The entire case fails by reason of the situation above described. It is not saved by the allegations that the Secretary has taken steps pursuant to Section 53.5 of Title 22 of the Code of Federal Regulations to prevent appellant's departure from the United States.1 It is true the alleged actions of the Secretary in this respect, like those dealing with cancellation of the passport, are characterized as depriving appellant of his right to travel abroad, and as arbitrary, discriminatory and violative of due process of law. But the complaint indicates that the steps said to have been taken to prevent appellant's departure are incident to invalidation of his passport. Nowhere among the allegations of his travel plans or desires or business activities dependent upon his travel is there a suggestion of plans, desires or activities which would take appellant to any place outside the United States where under existing law and regulations a passport might not be required.2 A fair reading of the complaint discloses no case, independent of the consequence of invalidation of the passport, of alleged infringement of rights by restraint upon appellant's freedom of movement[91 U.S.App.D.C. 229] beyond the United States.
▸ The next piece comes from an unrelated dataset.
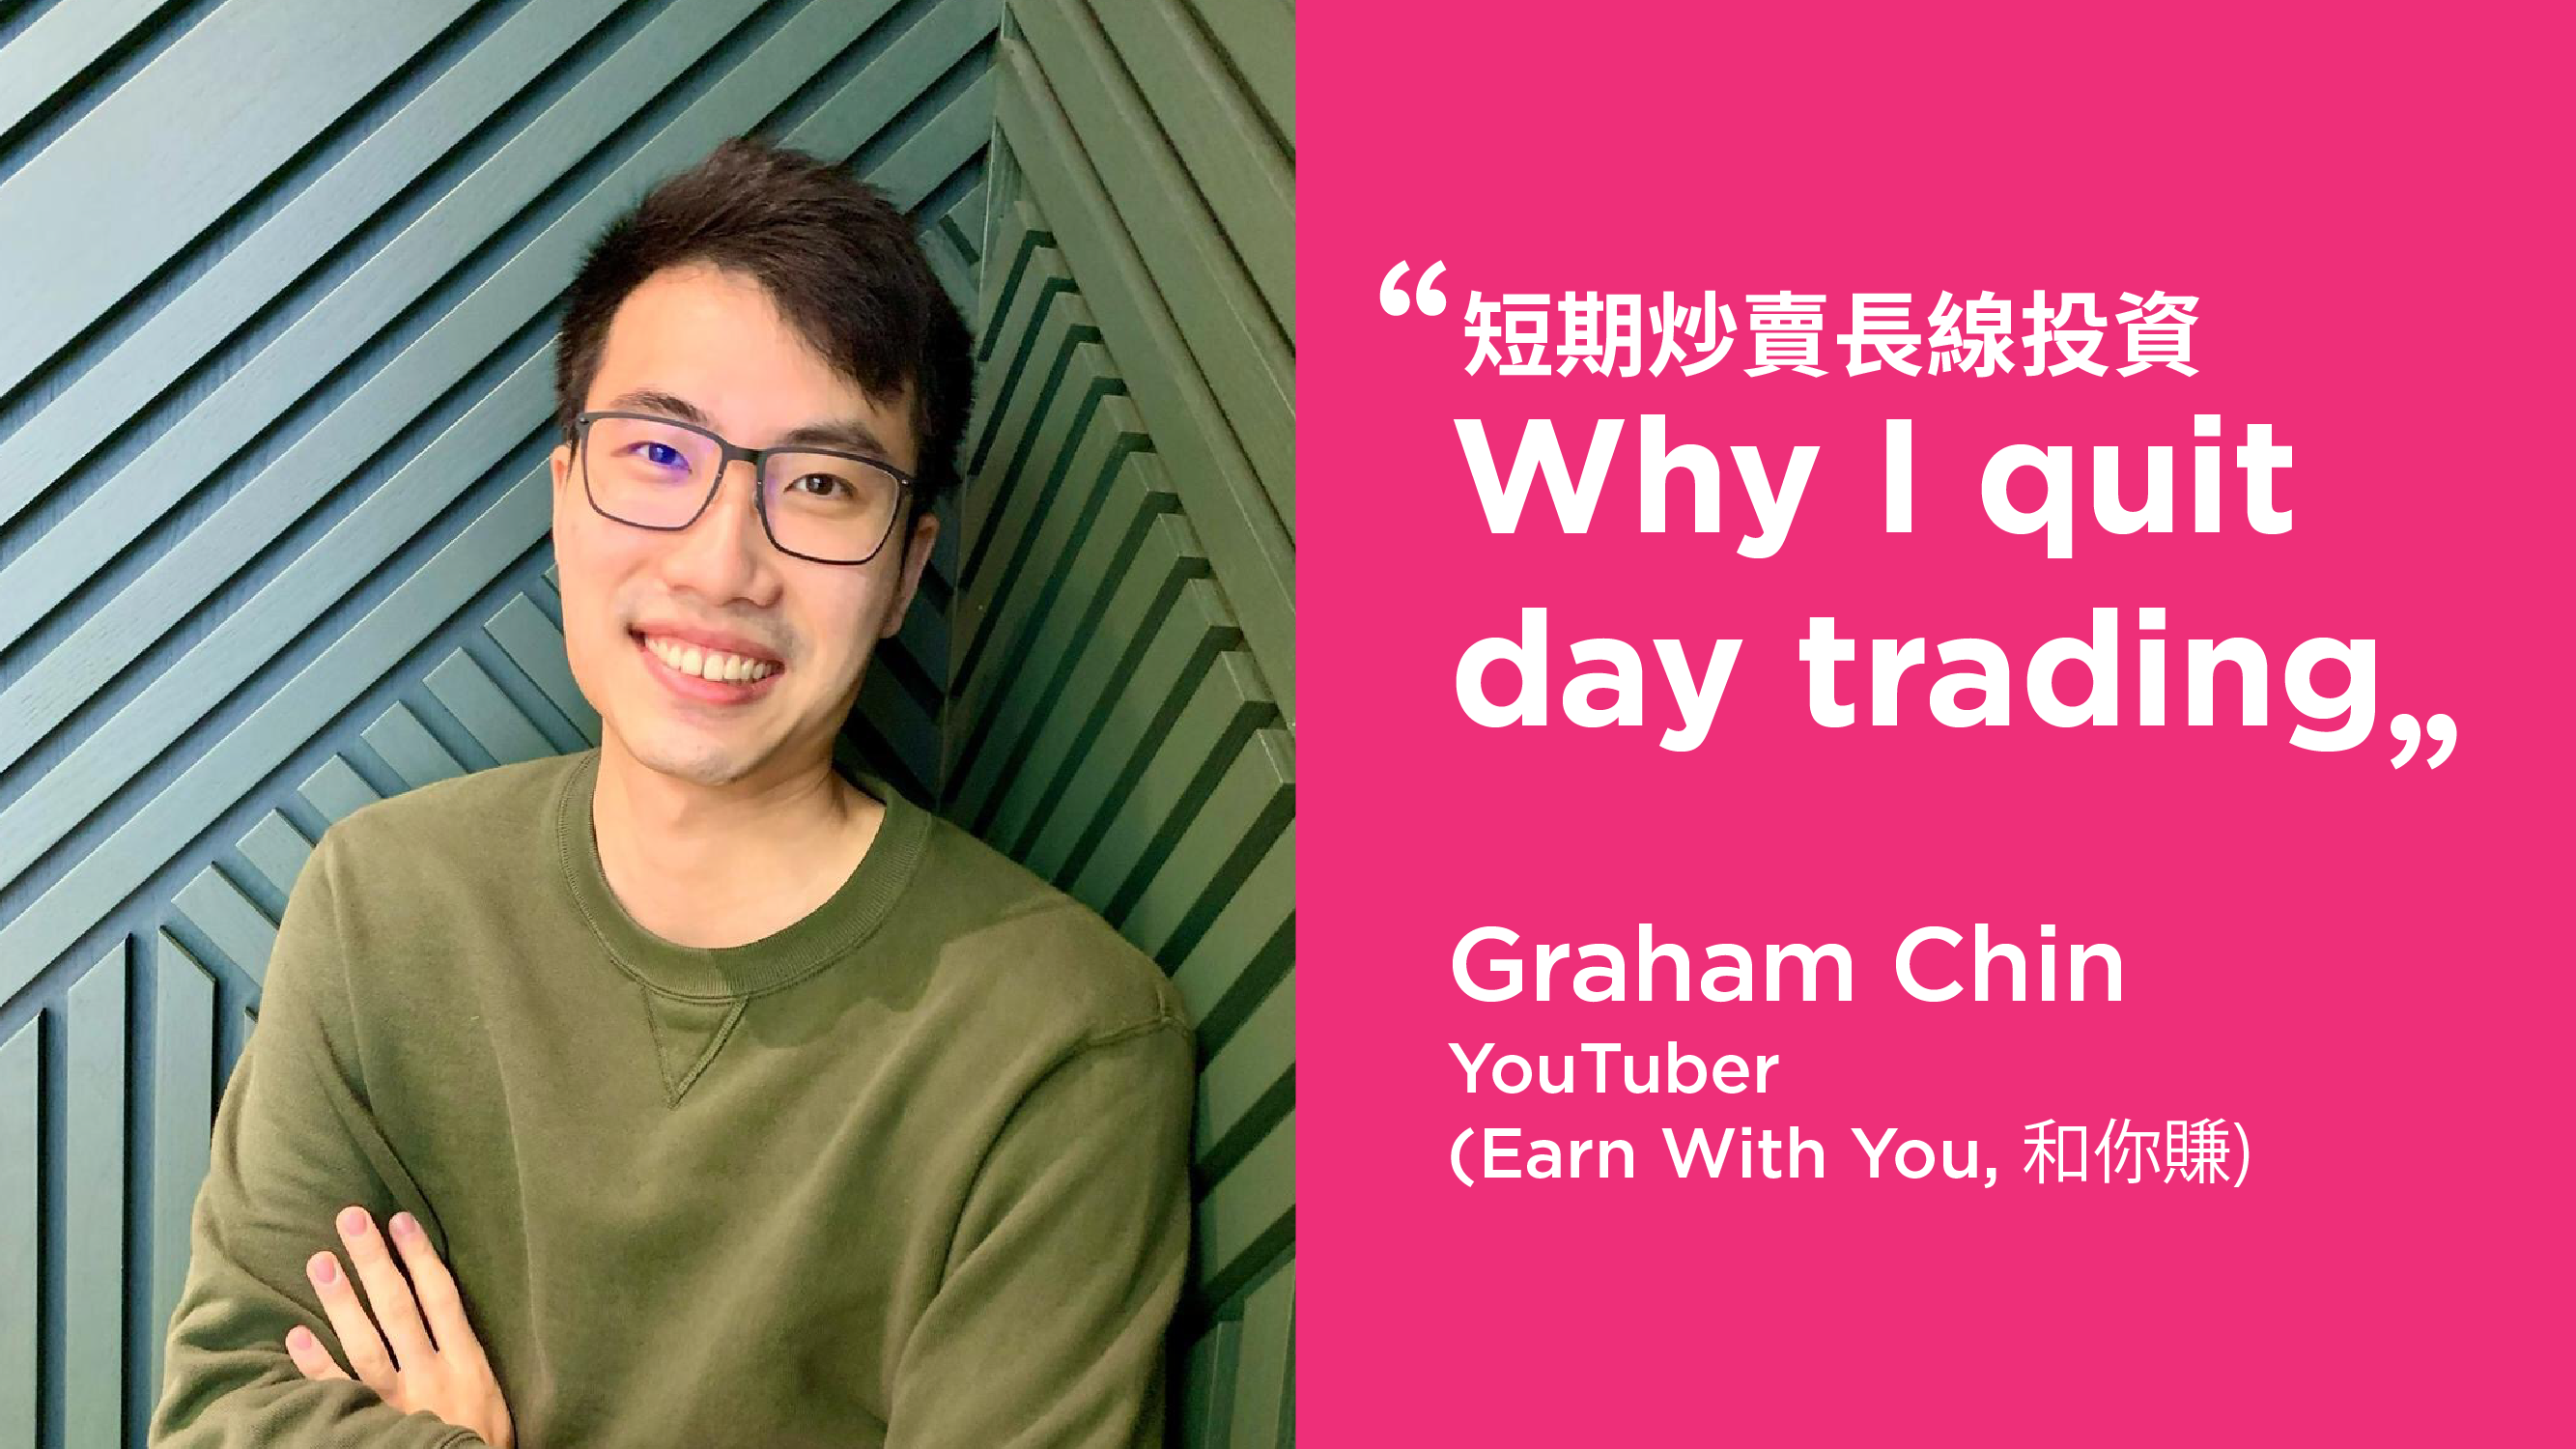 From Hectic Day-Trader to Long-Term Investor: Youtuber Graham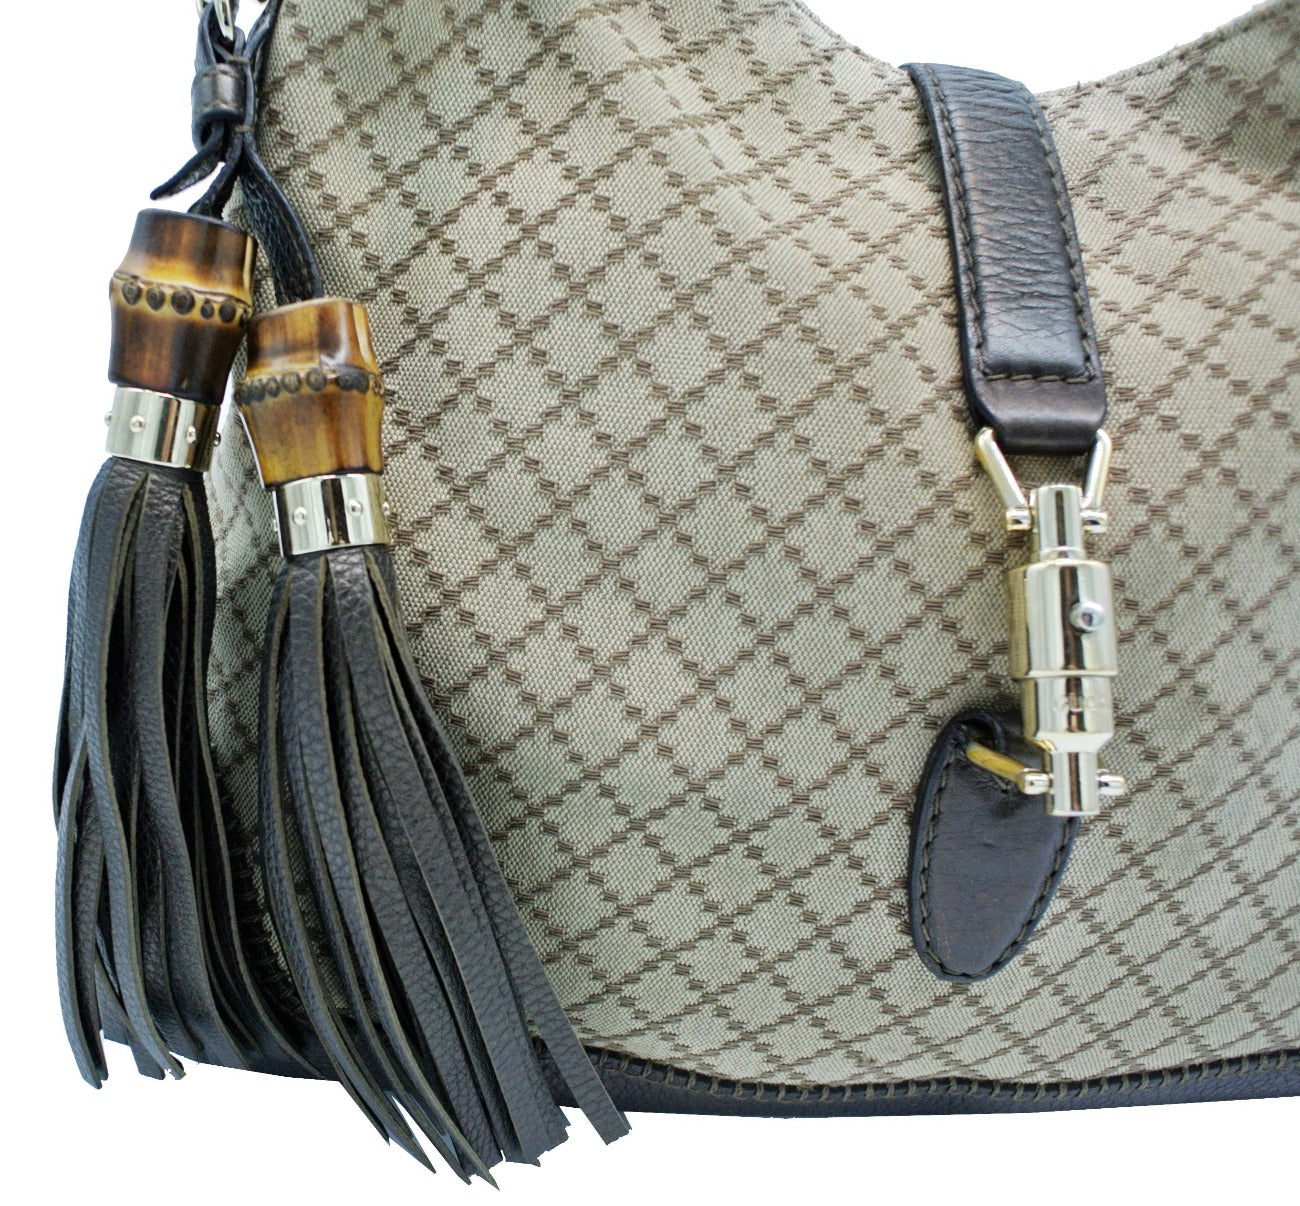 Gucci Beige with Bronze Diamante Canvas and Leather Jackie Hobo Bag Gucci

Copies of communications between him and the State Department, attached as exhibits to the complaint, and his reference to Sec. 53.5 of the regulations, the terms of which are outlined in the last paragraph of n. 1, supra, emphasize that his dispute with the Department is radicated in the passport issue. Since that issue falls as moot the whole case falls within it as presently set forth in the complaint.

5

Reversed and remanded to be dismissed as moot.

1

Peacetime control over passports is vested in the Secretary, under regulations prescribed by the President. 44 Stat. 887 (1926), 22 U.S.C.A. § 211a (1946). Regulations under this provision are found in Sections 51.1-52.9, 22 Code Fed. Regs. Parts 51 and 52 (1949 ed.). Under 22 U.S.C.A. §§ 223 and 224 (1946), 40 Stat. 559 (1918), the President is authorized to restrict departures from the United States in time of actual war or during the national emergency proclaimed May 27, 1941, by Proclamation No. 2487, 6 Fed.Reg. 2617, 50 U.S.C.A. Appendix note preceding Sec. 1. Though this emergency was terminated April 28, 1952, and though the war has ended, the powers referred to have been extended. The current extension appears in Public Law 450, approved July 3, 1952, 66 Stat. 330, and also in Public Law 414, Immigration and Nationality Act, Sec. 215, enacted into law over Presidential veto, June 27, 1952, 66 Stat. 190. Under these powers the Secretary has promulgated regulations which include Section 53.5, 22 Code Fed. Regs. Part 53 (1949 ed.), referred to in the complaint

Section 53.5 permits (a) the Secretary to prevent departure or entry of a citizen if he does not bear a passport or other specified document notwithstanding he may be destined for or arriving from a place outside the territory of the United States for which a valid passport is not required in the regulations; further, (b) the Secretary is permitted to prevent temporarily departure or entry of a citizen who bears a valid passport or other specified document or is destined for or arriving from a place outside United States territory for which a valid passport is not required under the regulations of said Part. Provision (b) is not involved by the complaint and in any event appears inapplicable. Provision (a) refers to a situation where a person does not have a passport even when usually one would not be required. Thus again it appears that the prevention of appellant's departure, alleged to have been taken pursuant to Section 53.5, is due to absence of a passport even though we were to assume he might desire to go where a passport is ordinarily unnecessary, under Sec. 53.2, 22 Code Fed. Regs. Part 53 (1949 ed.).